Tuesday, December 22, 2009

Happy Holidays 2009!

Thank you for your continued reading! We've sure had a great year.

We’ll be taking a break here at WAYLA until January 4th, to spend the holidays with family and friends.

We hope you have a happy holiday season, and we’ll see you again in the New Year.

Monday, December 21, 2009

2009: A Year in Review

Summary: 2009 was a transition year in politics. Now we wait to see how it will affect 2010.

2009 was truly an interesting year to observe as the nation transitioned out of the Bush Era and into the Obama years.

The year was marked by three issues: the economy, healthcare reform, and the war in Afghanistan. Occasionally we came across other issues including the torture debate, gay marriage, and climate change.

And as the year dragged on with little improvement on any of the big issues Americans are concerned about, President Obama and the Democratic majority in Congress slipped considerably in the polls.

But for campaign people, there were other big developments that largely went unnoticed to the typical American. The ever-growing presence of New Media kept strategists and operatives glued to their computers as they watched for how these advancements could help their work. One New Media tool in particular was Twitter and its importance (or at least perceived importance) in politics.

And then there were the elections…

Campaigns in 2009

While there were only a handful of races in 2009, they were followed vigorously by political-junkies for the importance they might have in the midterm elections next year and the American political landscape for the Obama Era.

First up were the elections in New York City, where last year’s decision to extend term limits significantly shook up a lot of political dreams. Incumbents held on to 38 of 51 City Council seats and Mayor Michael Bloomberg managed to squeak by an unexpectedly tough re-election to earn a third term.

Then there were the Democratic defeats in New Jersey and Virginia. The electorates in these states were not happy with the budgets passed in the wake of the recession, and voted in some of the first GOP governors in those states in a long time.

That same day, voters approved a referendum in Maine that re-banned gay marriage after the State Legislature and governor approved the unconventional arrangement earlier this year. This upset indicated that the electorate appeared to be on the side of the LGBT community, but still privately opposed same-sex marriage.

There was some light at the end of the tunnel for liberals. A bizarre upset in upstate New York - as well as a somewhat expected victory in California - delivered additional Democrats to the House of Representatives. This indicated that while Democrats were facing a lot of pressure at the state level, Americans were still a little more confident in the Democratic Party than the far-right Republicans on the federal level.

Of course, politics is still a bad spectator sport, and it’s impossible to make any definite predictions based on what we saw this year going into 2010.

Looking Ahead to 2010

The other political trend this year was that of pundits, political-junkies, and political professionals trying to get a sense of what to expect for 2010. The implications of several national debates - particularly on healthcare - are sure to have an impact on the midterm elections, but what that impact will be is still unknown.

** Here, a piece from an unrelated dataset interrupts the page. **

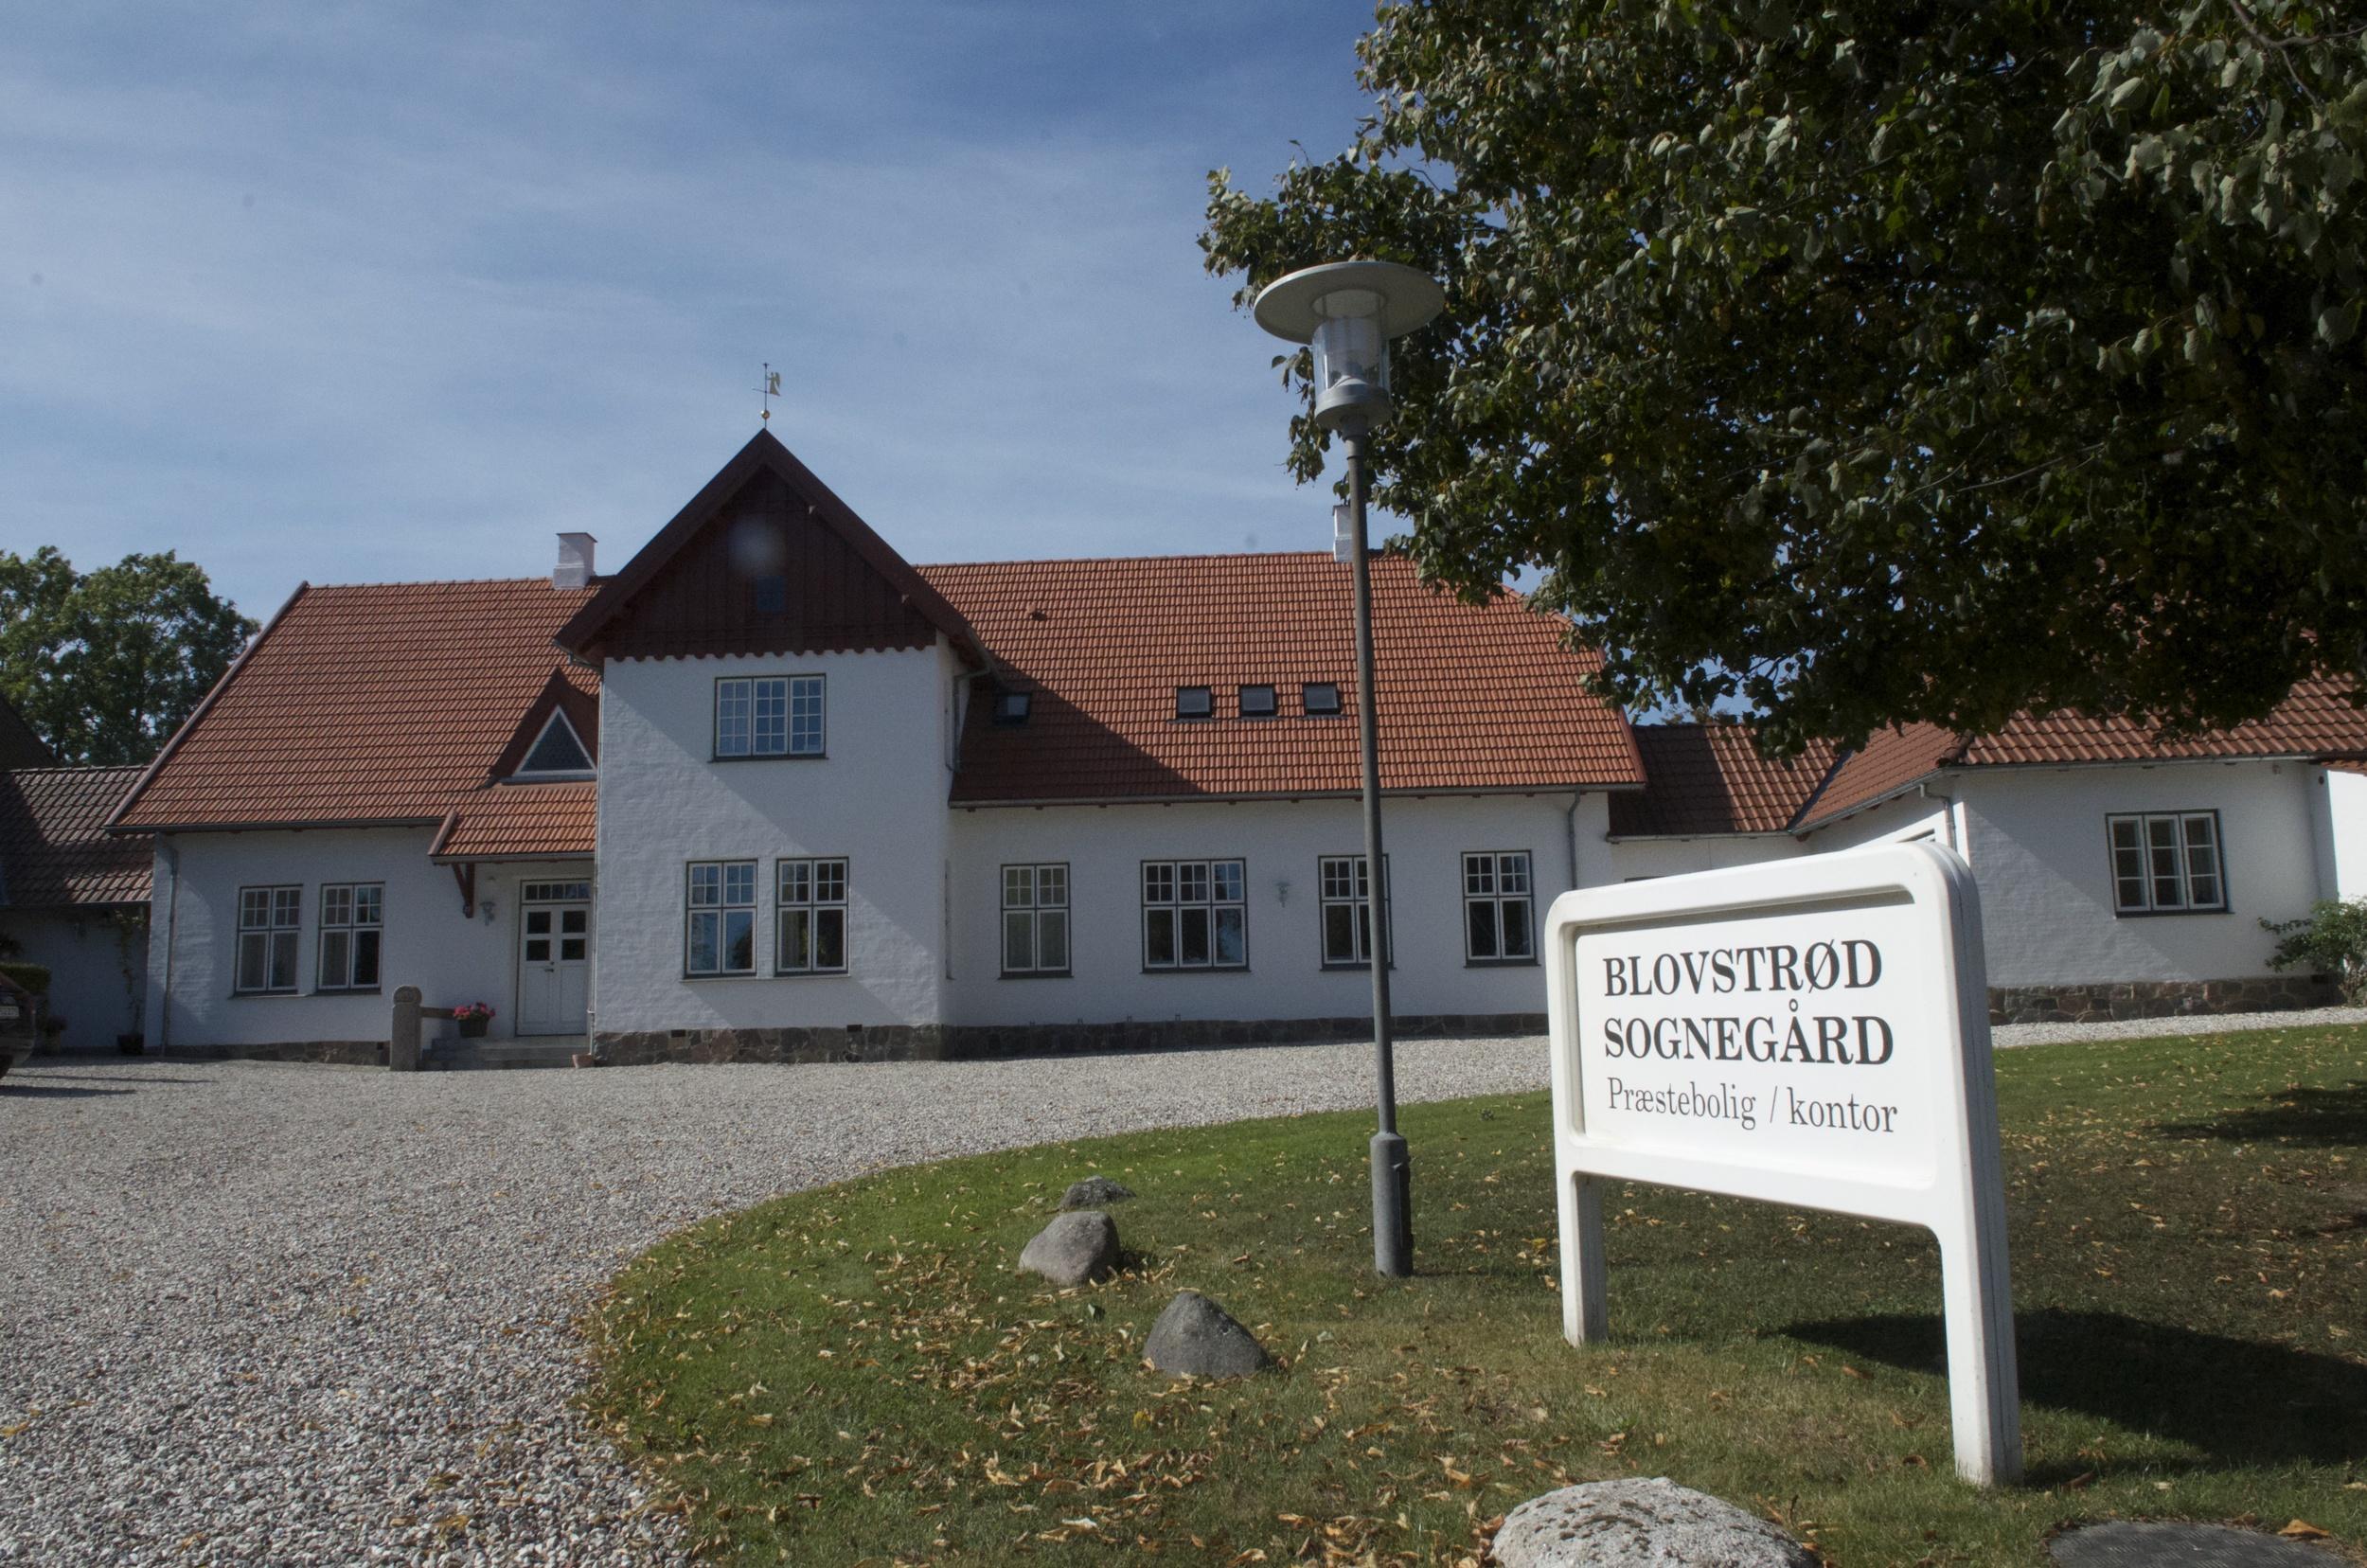 Den lille koncert opføres i Blovstrød Sognegård. Arkivfoto: AOB

We did see the rising Tea Party phenomenon, which taught us that Reaganism has not died out and conservative activists are as fired up as ever. It also showed us how important astroturfing will be in coming years.

But while the conservative base is ready for a fight, the liberal base of the Democratic Party is not happy. Democrats now control the White House and both houses of Congress with large margins, but still can’t seem to get important work done. Nowhere has this been clearer than with the healthcare debate. This may be the biggest trouble facing Democrats in 2010 - a liberal base that stays home on Election Day.

Ultimately, however, the healthcare debate was the issue of 2009 and it may not be next year. A healthcare bill of some sort is likely to pass by February, and when it happens it may get more public support than it has now. The economy and job growth in particular will be a huge issue going into next year’s elections. If the economy improves by September, Democrats may be able to hold on to enough seats in Congress and the State Legislatures to maintain political dominance over the next decade. If the stimulus and jobs bills fail, however, it could mean a Republican resurge.

All of the trends mentioned today will have some impact on 2010, and political professionals would do well to take all these implications into account as they map out their plans and strategies for the upcoming year.